I've got two possible implentations to propose (I have them both
working, the differences aren't so great). Both are based on the way
it's done in perl 5: the closure operator, in our case #, at the
start of a group signifies that flags follow. This doesn't clash with
any existing syntax. Obviously you need EXTENDED_GLOB set.
Syntax 1 Syntax 2
(#ifoo)bar ((#i)foo)bar match FOObar FoObar fOobar, not FOOBAR
bar(#ifoo) bar(#i)foo same with the bits the other way round
(#lfooBAR) (#l)fooBAR match FOOBAR FoOBAR fOoBAR, not foobar
(#ifoo(#cbar)) (#i)foo(#c)bar same as first example; #c negates i or l
So in the first case, only the #X is the flag and grouping is normal,
while in the second case the whole of (#X) is the flag and doesn't
mark a separate group. In both cases the effect stays until the end
of the nearest enclosing group.
#s (for significant) could be an alternative to #c; #l corresponds to
Sven's (f) qualifier, i.e. only lower case letters in the pattern
match case-insensitively in the target string.

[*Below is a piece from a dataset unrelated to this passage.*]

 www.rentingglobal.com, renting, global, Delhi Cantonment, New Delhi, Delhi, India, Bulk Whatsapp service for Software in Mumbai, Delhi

I think I find the second version (which is also more perl-like) a
bit cleaner. The only real bind with this is with KSH_GLOB, where the
second set of examples would have to become @(@(#i)foo)bar,
@(#l)fooBAR and @(#i)foo@(#c)bar. (Actually I'm lying, because the
shell doesn't need the @ if it comes across the left parenthesis
before anything else, so you can drop the first @ in each case, but
this is deliberately undocumented.)
One point about this is that you need to turn on case-insensitivity at
any segment of the path where you need it:
/(#i)foo/(#i)bar to match /FoO/BaR, /foo/BAR, /FOO/bar, ...
I think this is OK: it mirrors what the shell is really doing --- as
the file system is case sensitive, it has to do separate searches in
each directory. Here the second syntax is definitely clearer. If
someone wants to propose a way of turning on case-insensitivity for
all parts of the path --- which means doing globbing on every segment
so is slow --- I'll listen.
I will post the patch if there's any positive response to either of these.